9 December 2014, Source - UN Org.

 

Special Rapporteur on the promotion and protection of human rights and fundamental freedoms while countering terrorism Ben Emmerson. UN Photo/Jean-Marc Ferré

 

9 December 2014 – A United States Senate report has confirmed what the international community has long believed – that there was a clear policy orchestrated at a high level within the Bush Administration which allowed to commit gross violations of international human rights law, the United Nations Special Rapporteur on counter terrorism and human rights said today.

 

Released this afternoon, the so-called Feinstein report, after long-time US Senator Dianne Feinstein who chaired the Senate Select Committee on Intelligence that compiled the document, probes crimes of torture and enforced disappearance of terrorist suspects by the Bush-era CIA.

 

“It has taken four years since the report was finalised to reach this point,” said Ben Emmerson in a statement.

 

Now it is time to take action, he added. “The individuals responsible for the criminal conspiracy revealed in today’s report must be brought to justice, and must face criminal penalties commensurate with the gravity of their crimes,” he said.

 

Identities of the perpetrators, and many other details, have been redacted in the published summary report but are known to the Select Committee and to those who provided the Committee with information on the programme.

 

“The fact that the policies revealed in this report were authorized at a high level within the US Government provides no excuse whatsoever. Indeed, it reinforces the need for criminal accountability,” Mr. Emmerson explained.

 

International law prohibits the granting of immunities to public officials who have engaged in acts of torture. This applies not only to the actual perpetrators but also to those senior officials within the US Government who devised, planned and authorised these crimes.

 

The US is legally obliged, by international law, to bring those responsible to justice. The UN Convention Against Torture and the UN Convention on Enforced Disappearances require States to prosecute acts of torture and enforced disappearance where there is sufficient evidence to provide a reasonable prospect of conviction.

 

“States are not free to maintain or permit impunity for these grave crimes,” Mr. Emmerson said.

 

It is no defence for a public official to claim that they were acting on superior orders. CIA officers who physically committed acts of torture therefore bear individual criminal responsibility for their conduct, and cannot hide behind the authorisation they were given by their superiors.

 

However, the heaviest penalties should be reserved for those most seriously implicated in the planning and purported authorisation of these crimes. Former Bush Administration officials who have admitted their involvement in the programme should also face criminal prosecution.

 

“President Obama made it clear more than five years ago that the US Government recognizes the use of waterboarding as torture. There is therefore no excuse for shielding the perpetrators from justice any longer. The US Attorney General is under a legal duty to bring criminal charges against those responsible,” he said.

 

Torture is a crime of universal jurisdiction. The perpetrators may be prosecuted by any other country they may travel to. However, the primary responsibility for bringing them to justice rests with the US Department of Justice and the Attorney General.

 

Independent experts or special rapporteurs are appointed by the Geneva-based Council to examine and report back on a country situation or a specific human rights theme. The positions are honorary and the experts are not UN staff, nor are they paid for their work.

 

Source - http://www.un.org/apps/news/st...D=49560#.VIn87sm8qpw

FM

Washington (CNN) -- Former Vice President Dick Cheney called a Senate panel's report on U.S. interrogation tactics during George W. Bush's administration is "deeply flawed" and a "terrible piece of work."

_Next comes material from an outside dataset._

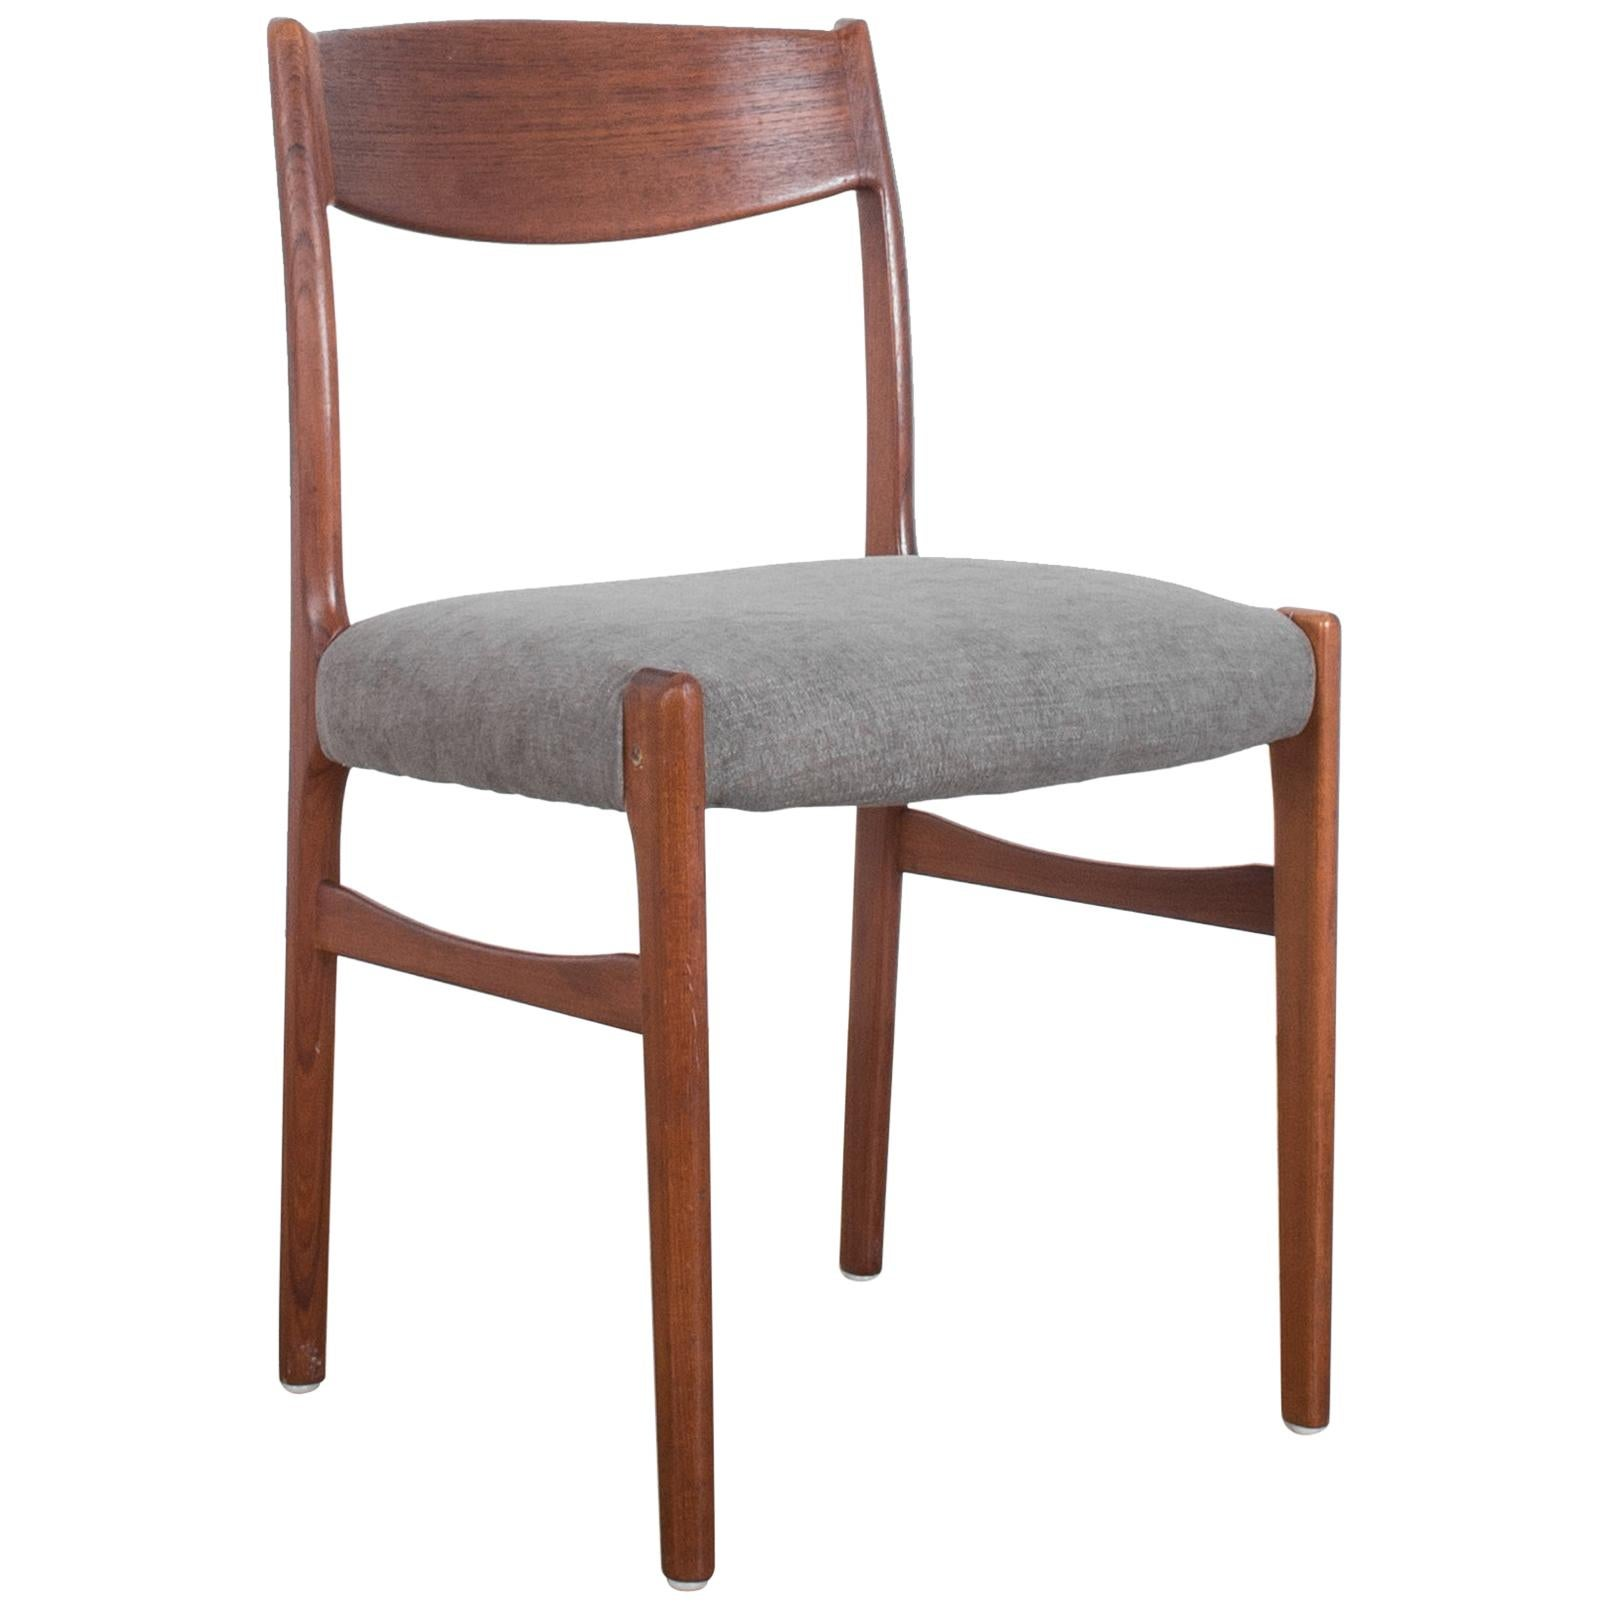 1960s Danish Upholstered Chair

"The report's full of crap," he said in an interview with Fox News on Wednesday evening.

 

Should we take him seriously?

FM
Originally Posted by Cobra:

Washington (CNN) -- Former Vice President Dick Cheney called a Senate panel's report on U.S. interrogation tactics during George W. Bush's administration is "deeply flawed" and a "terrible piece of work."

"The report's full of crap," he said in an interview with Fox News on Wednesday evening.

 

Should we take him seriously?

The World Court should drag his Ass there to be prosecuted!!!!

Nehru

Washington (CNN) -- CIA Director John Brennan on Thursday defended harsh interrogation techniques as providing "useful" information to authorities, including in the raid that led to the death of Osama bin Laden. But he said it is "unknowable" what information could specifically be attributed to those techniques.

 

Should we take him seriously?

FM

John Brennan, CIA Director, made it quite clear that ...

 

1. US_of_A has the right to exercise all form of torture.

2. US_of_A then determines what is right, plausible and wrong.

3. US_of_A continues its activities as normal.

4. Countries must comply with the actions of the US_of_A.

FM

What I do find quite confusing is;

 

Our countries train these soldiers to kill,they are trained killers,their brains have been bombarded with taking the enemy out, they go out and kill, they are charged for killing, hmmmm!